■ Recorded data:
------------------------------

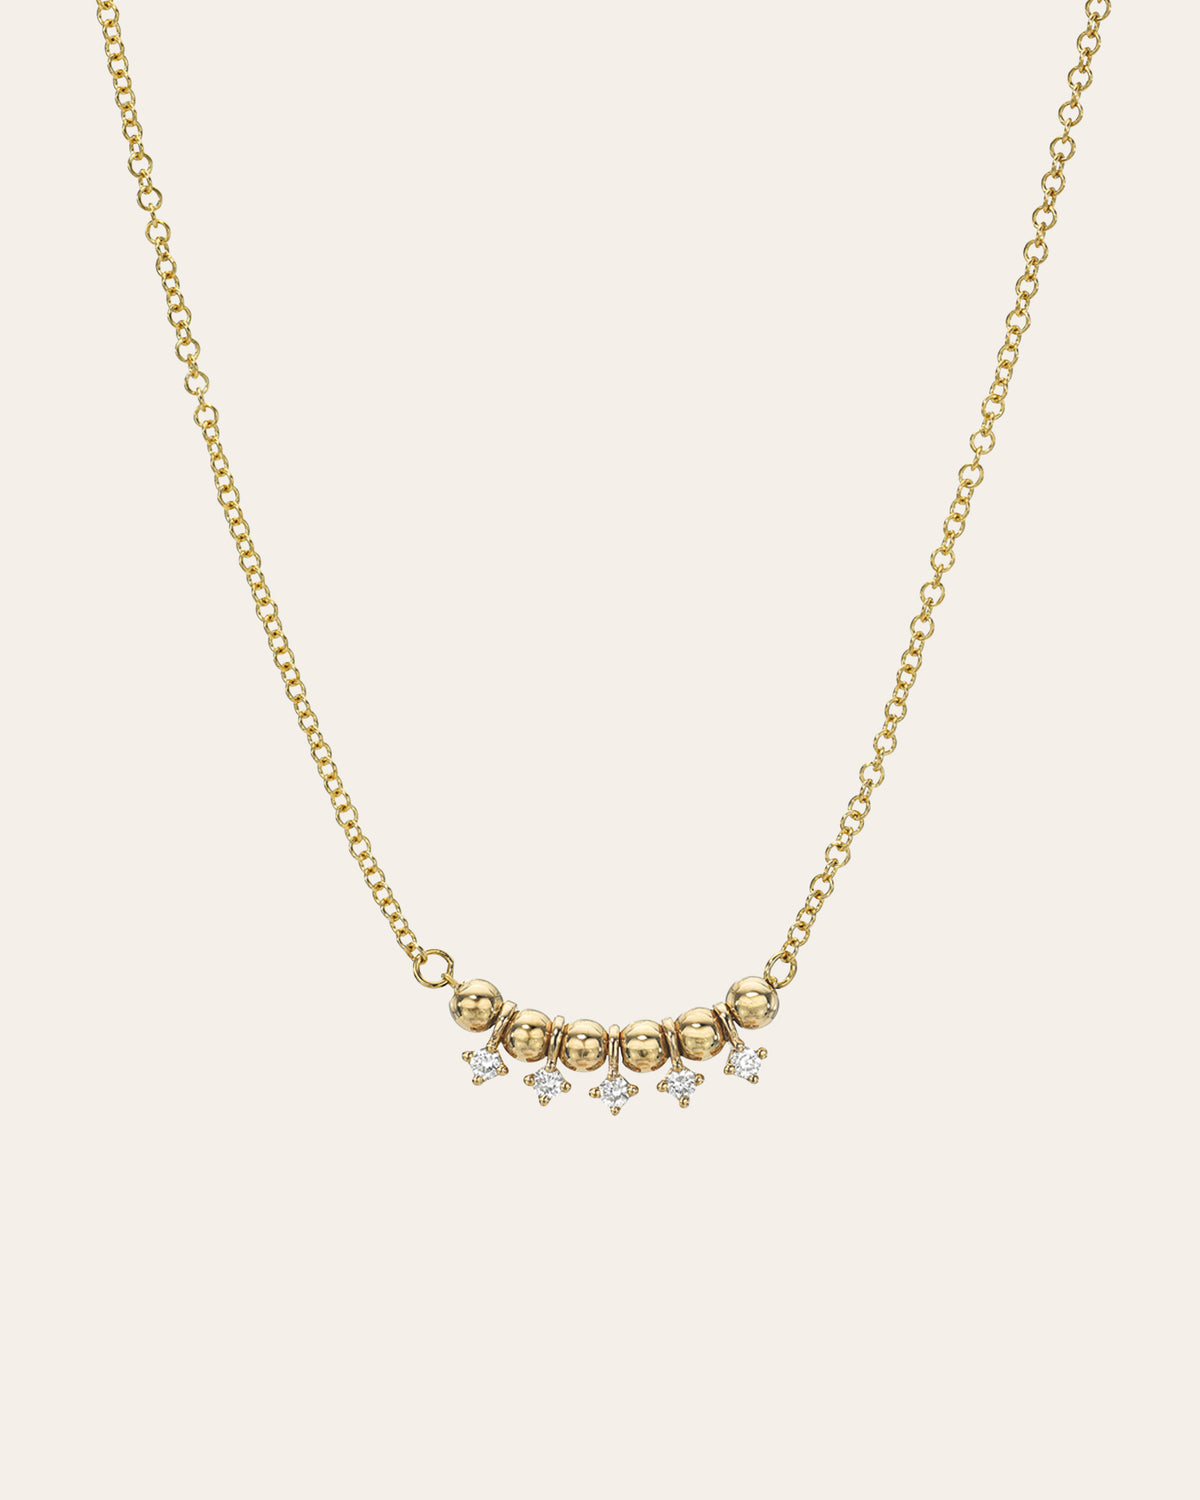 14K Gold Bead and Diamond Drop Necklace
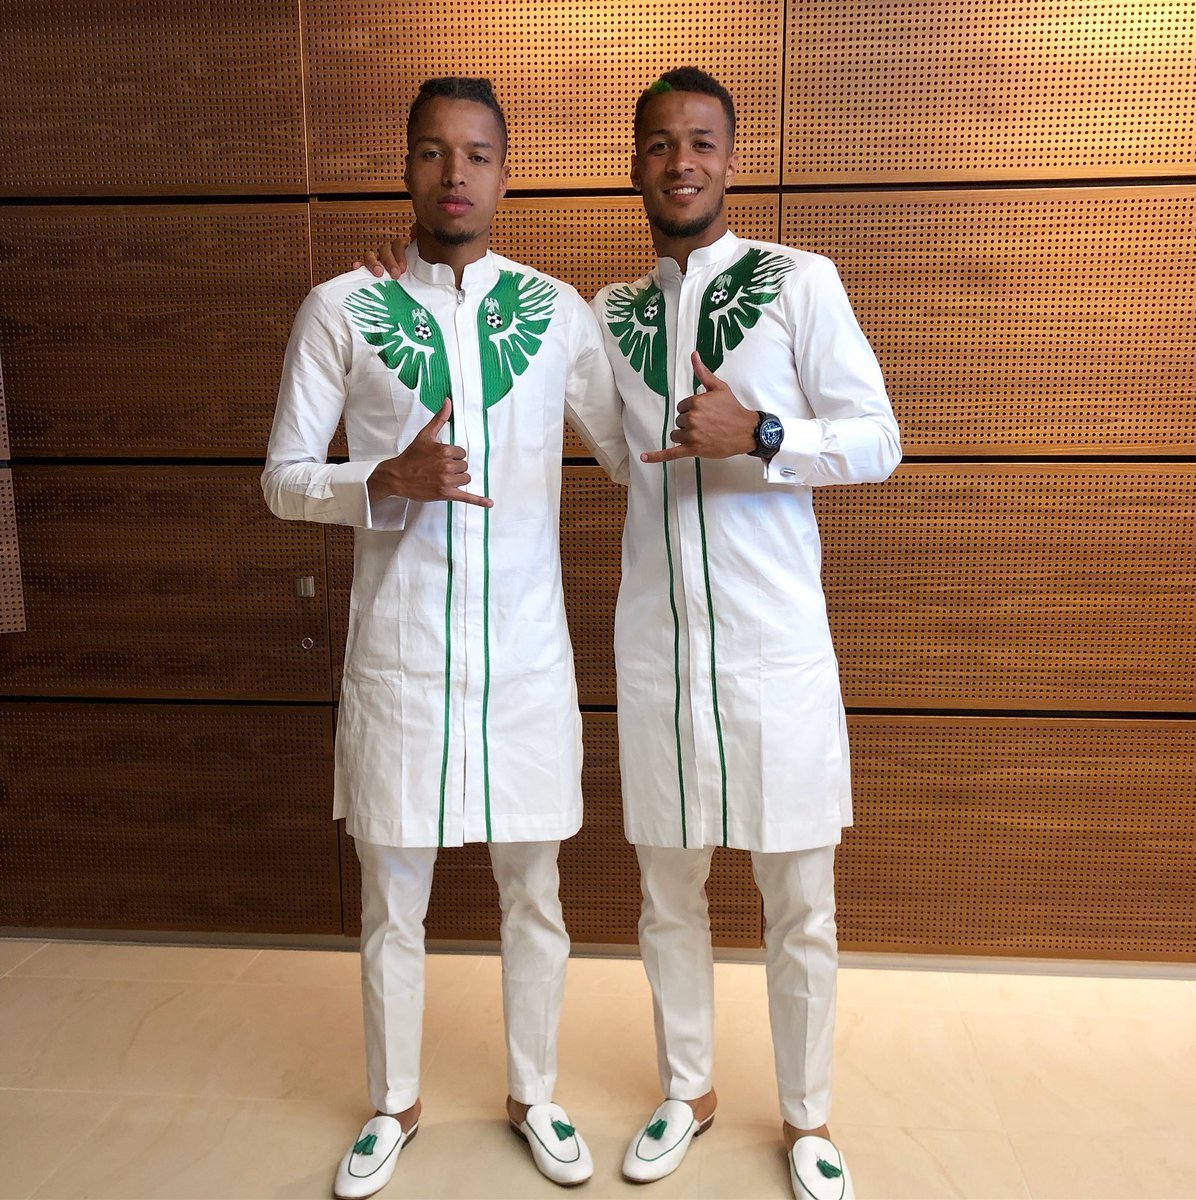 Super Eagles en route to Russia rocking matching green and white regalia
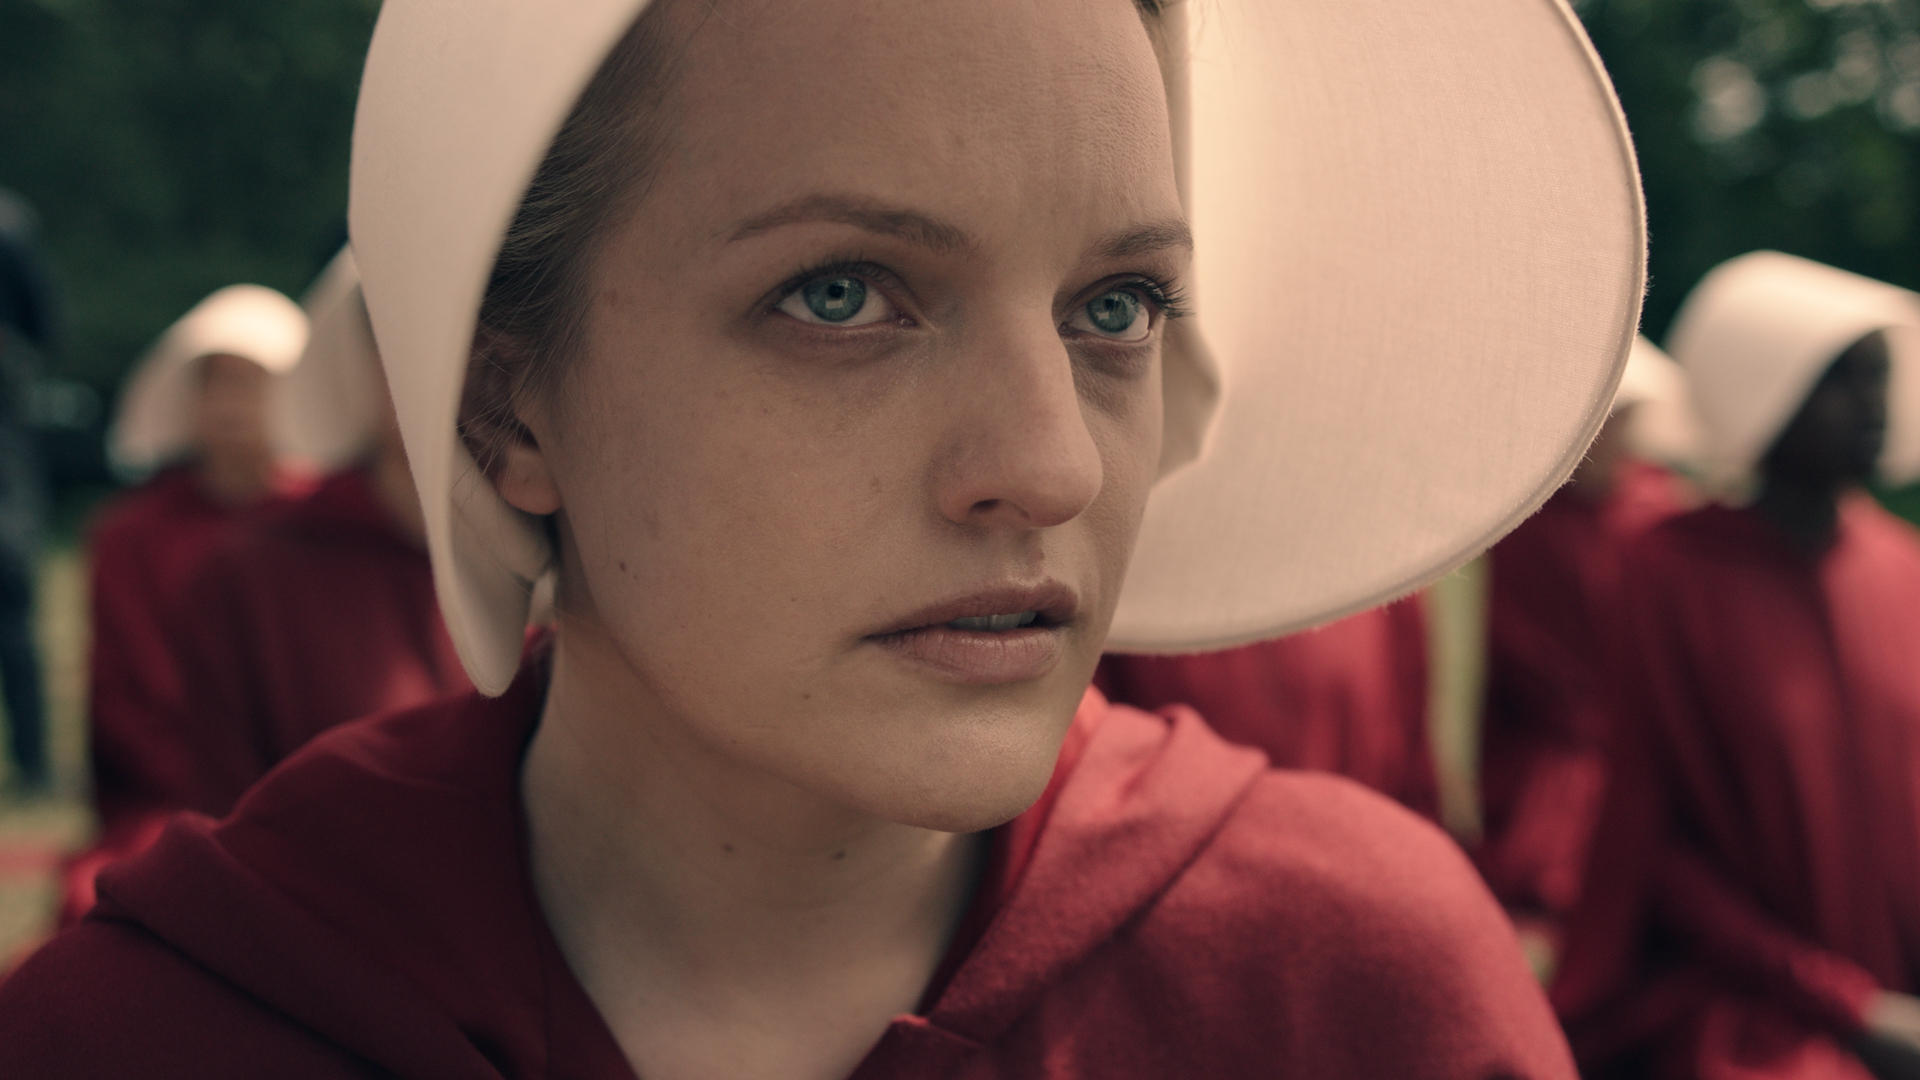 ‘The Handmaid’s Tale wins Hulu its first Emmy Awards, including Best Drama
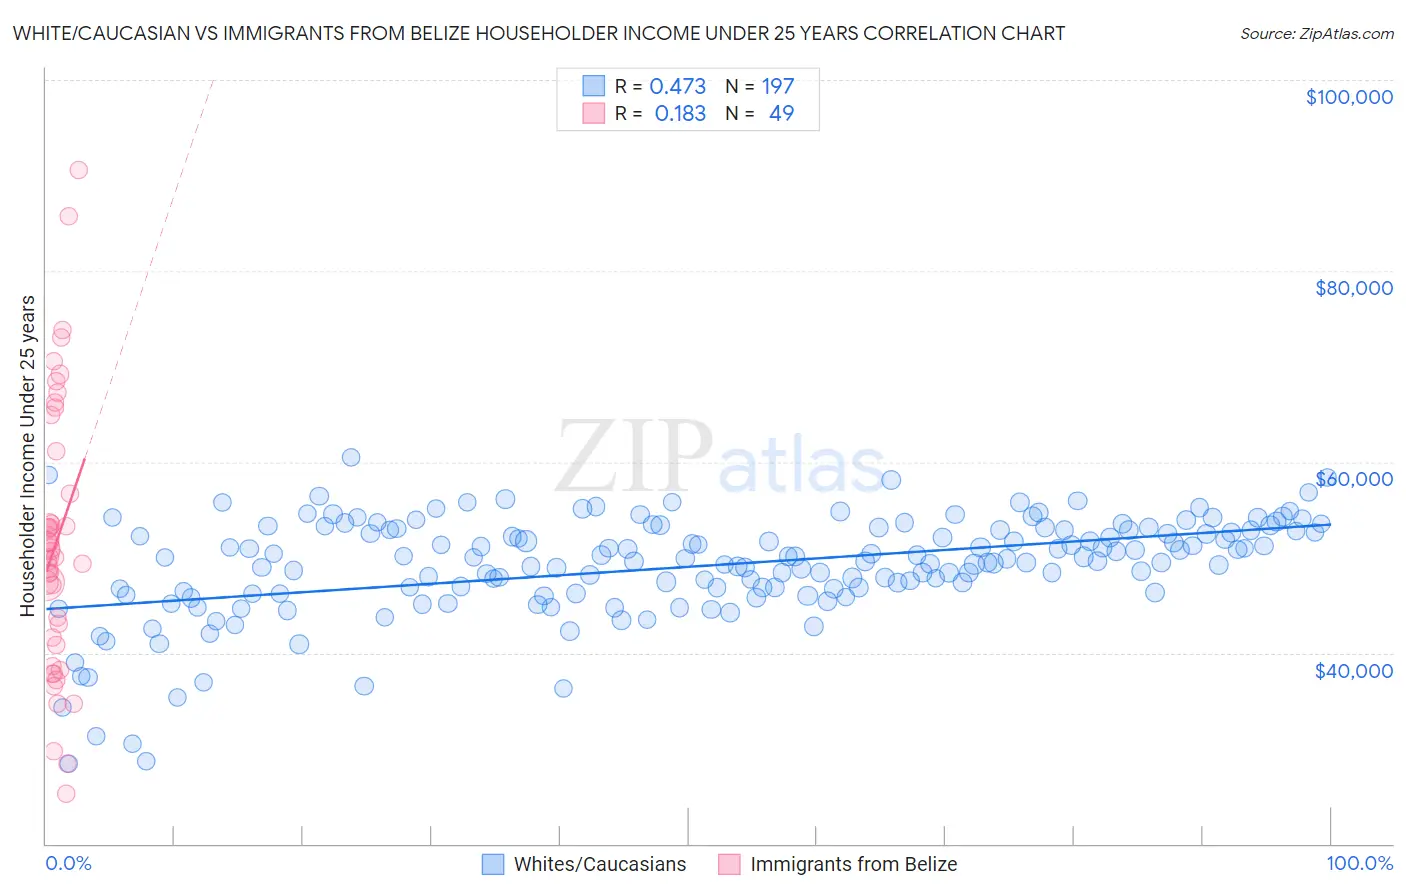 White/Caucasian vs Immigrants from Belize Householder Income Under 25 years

------------------------------

■ What this task involves:
Set the material down exactly, images excluded.

■ Output of the task:
 14K Gold Bead and Diamond Drop Necklace
 Super Eagles en route to Russia rocking matching green and white regalia
 ‘The Handmaid’s Tale wins Hulu its first Emmy Awards, including Best Drama
 White/Caucasian vs Immigrants from Belize Householder Income Under 25 years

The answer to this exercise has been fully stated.